● **Task description**
Scan the records below for the line with "Light Brown Woolen Tweed Fabric" and the line with "Corporate Times Magazine". Repeat those two lines and every line between them exactly, and nothing else.

● **Data for the task**
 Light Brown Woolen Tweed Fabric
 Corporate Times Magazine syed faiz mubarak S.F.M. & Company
...
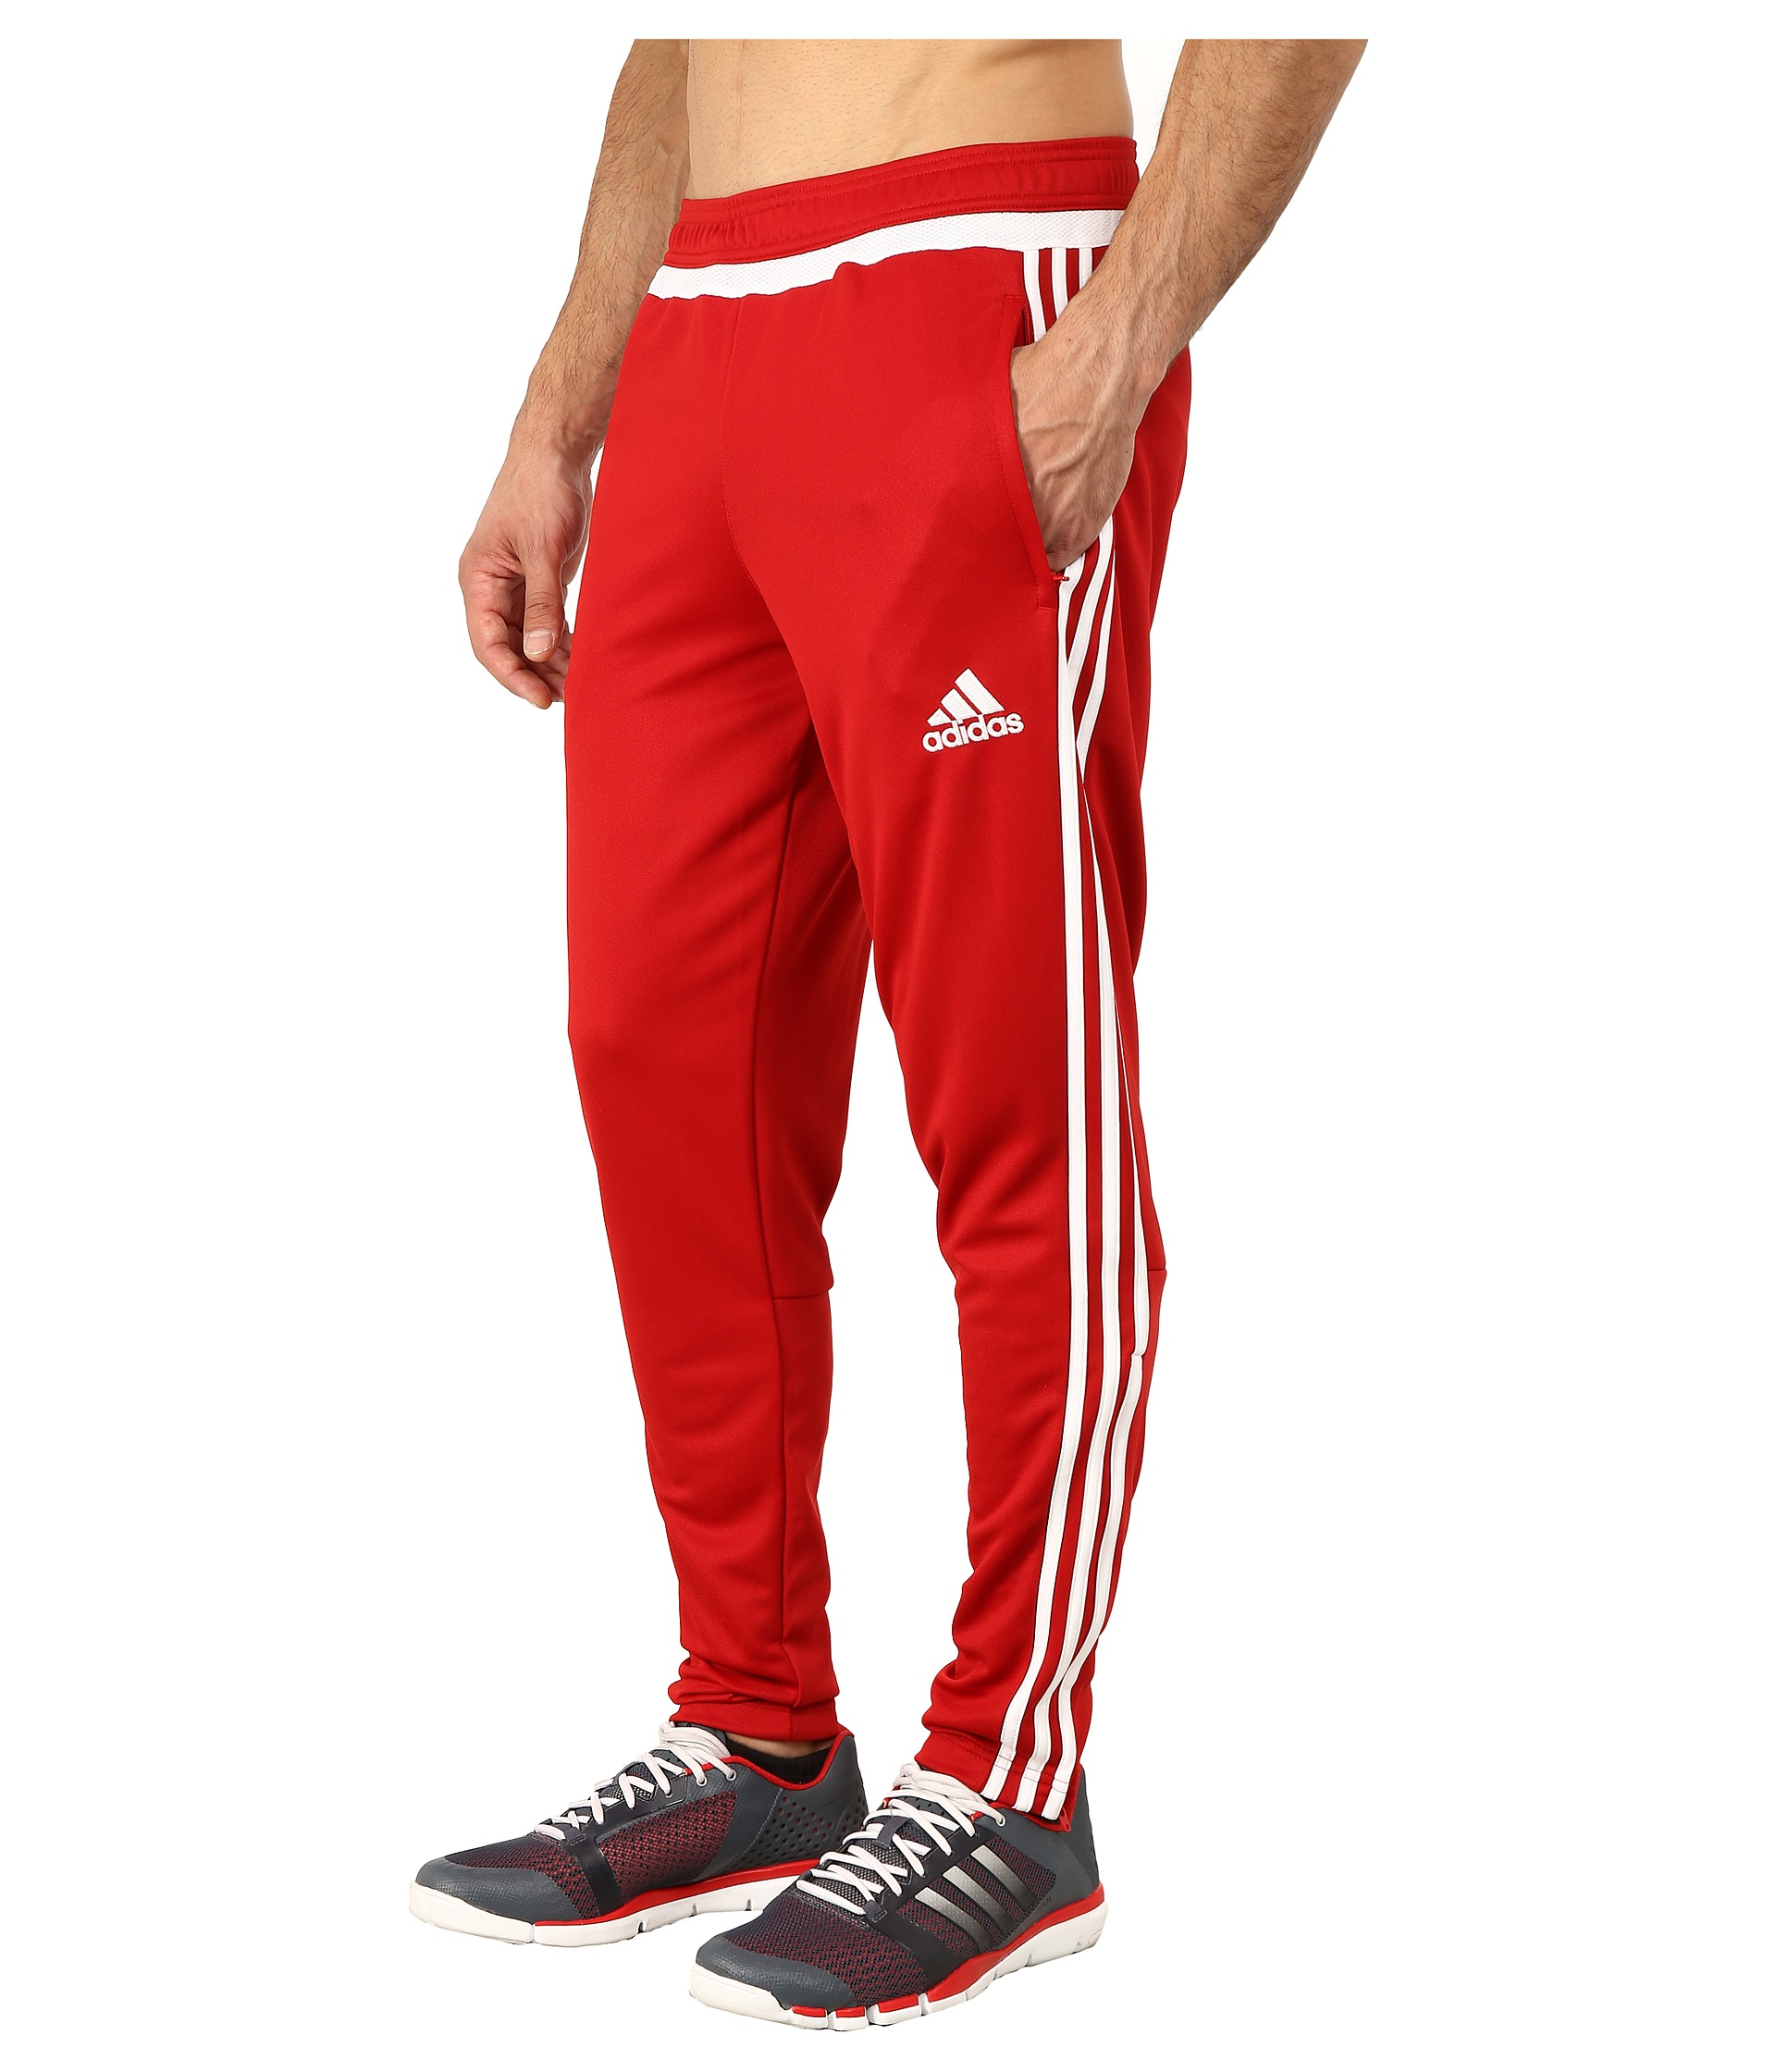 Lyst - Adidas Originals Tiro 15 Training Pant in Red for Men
* * *
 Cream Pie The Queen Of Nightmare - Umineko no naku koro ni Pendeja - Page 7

● **Answer for the task**
 Light Brown Woolen Tweed Fabric
 Corporate Times Magazine syed faiz mubarak S.F.M. & Company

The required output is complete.